PaGoDA: Progressive Growing of a One-Step Generator from a Low-Resolution Diffusion Teacher
Dongjun Kim, Chieh-Hsin Lai, Wei-Hsiang Liao, Yuhta Takida, Naoki Murata, Toshimitsu Uesaka, Yuki Mitsufuji, Stefano Ermon
TL;DR
PaGoDA tackles the prohibitive training cost of high-resolution diffusion models by a three-stage approach that first trains on downsampled data, then distills to a one-step generator via DDIM inversion, and finally grows a decoder to upsample to high resolutions. The authors provide theoretical guarantees for optimality and training stability under a reconstruction-loss–plus–adversarial-loss objective, and extend the method with classifier-free guidance for text-conditioned generation. Empirically, PaGoDA achieves state-of-the-art FID on ImageNet across resolutions from $64\times64$ to $512\times512$ without CFG, and demonstrates competitive text-to-image results with CFG, while enabling efficient training on modest hardware.
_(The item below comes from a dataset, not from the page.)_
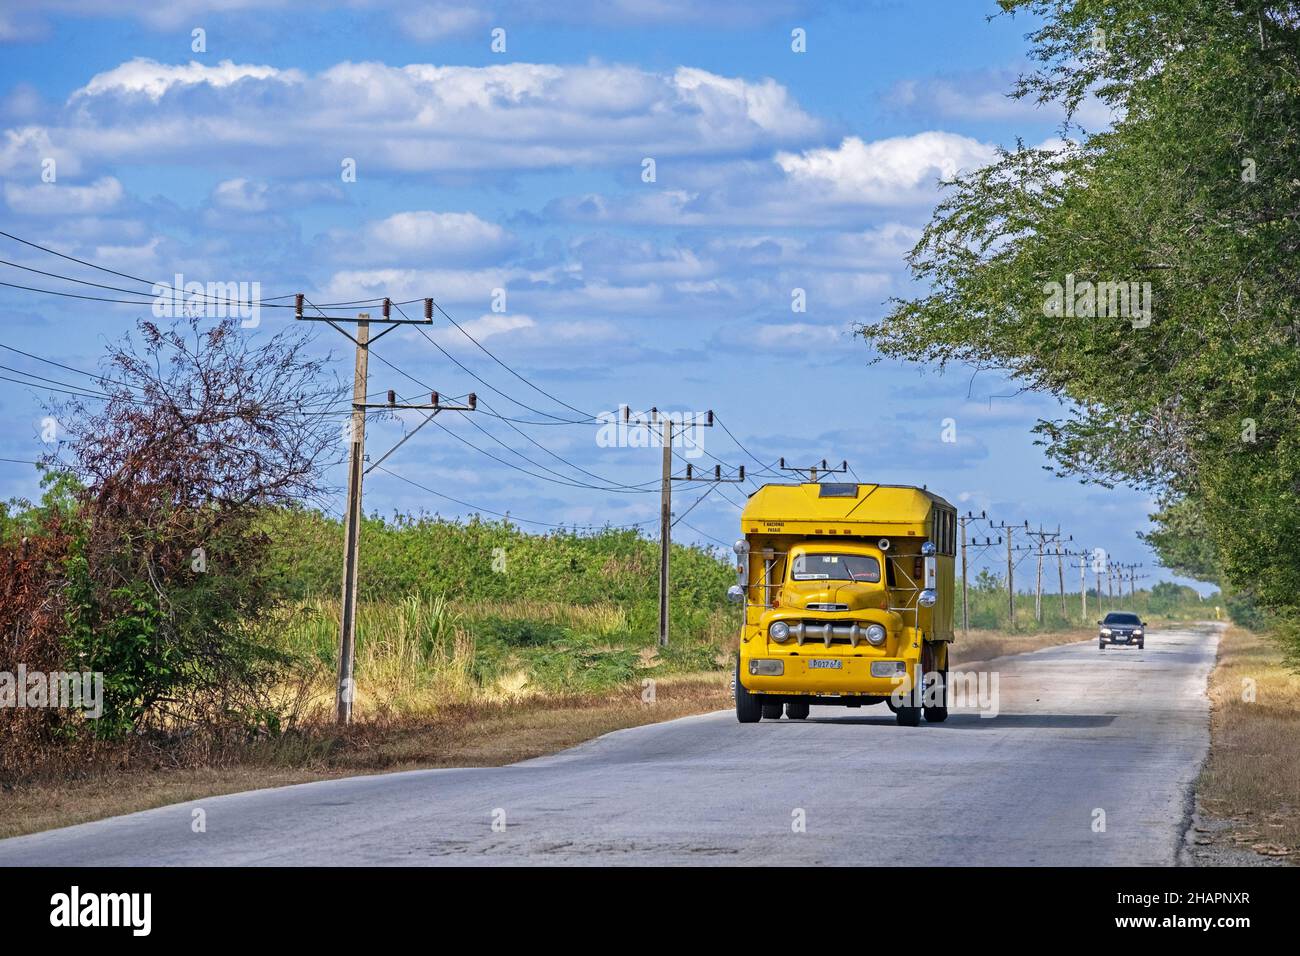 Camione, oldtimer truck converted into public bus driving along the Carretera Central / Central Road, highway spanning the length of the island Cuba Stock Photo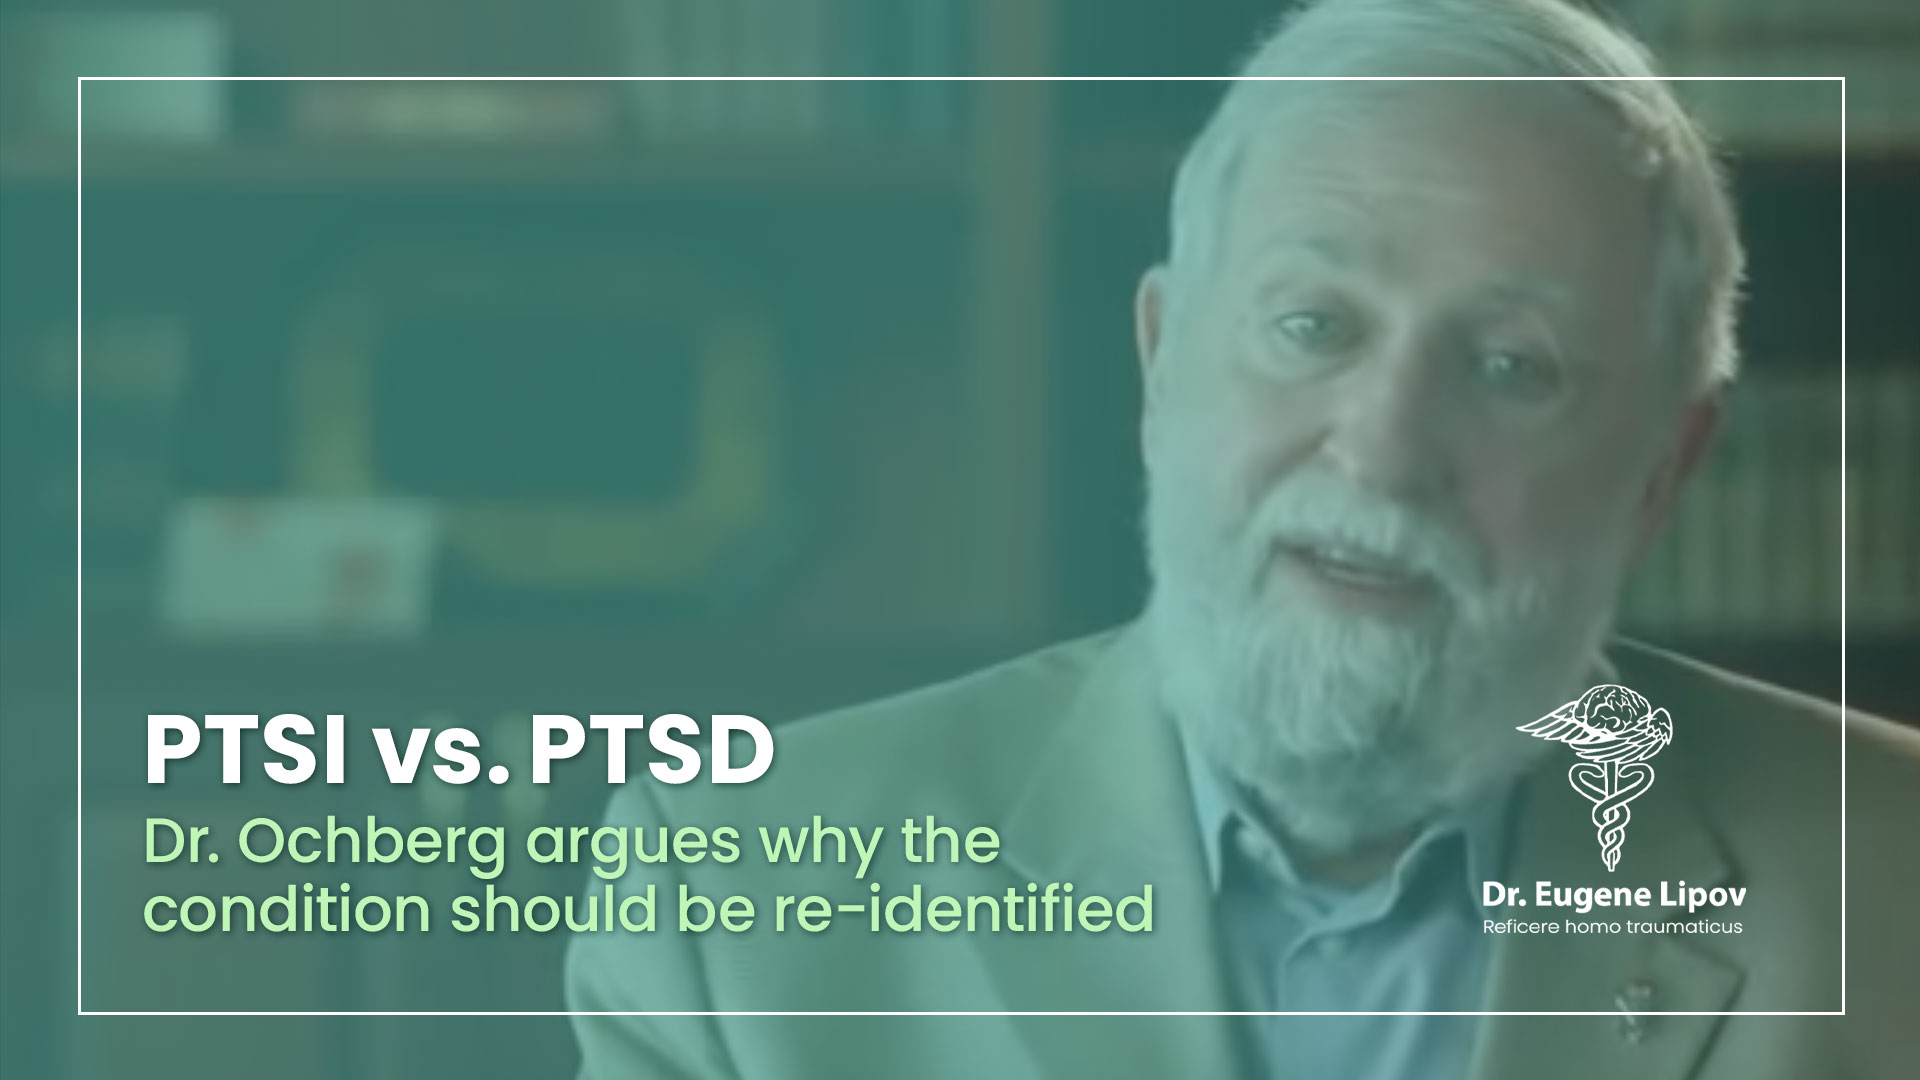 VIDEO THUMBNAIL: One of founding fathers of modern psychotraumatology who and served on the committee that originally defined PTSD makes argument for “PTSI.”

This pipeline promises broader access to high-quality diffusion training and scalable, controllable image generation, with potential integration into latent-diffusion-model pipelines and downstream inversion tasks.
Abstract
The diffusion model performs remarkable in generating high-dimensional content but is computationally intensive, especially during training. We propose Progressive Growing of Diffusion Autoencoder (PaGoDA), a novel pipeline that reduces the training costs through three stages: training diffusion on downsampled data, distilling the pretrained diffusion, and progressive super-resolution. With the proposed pipeline, PaGoDA achieves a $64\times$ reduced cost in training its diffusion model on 8x downsampled data; while at the inference, with the single-step, it performs state-of-the-art on ImageNet across all resolutions from 64x64 to 512x512, and text-to-image. PaGoDA's pipeline can be applied directly in the latent space, adding compression alongside the pre-trained autoencoder in Latent Diffusion Models (e.g., Stable Diffusion). The code is available at https://github.com/sony/pagoda.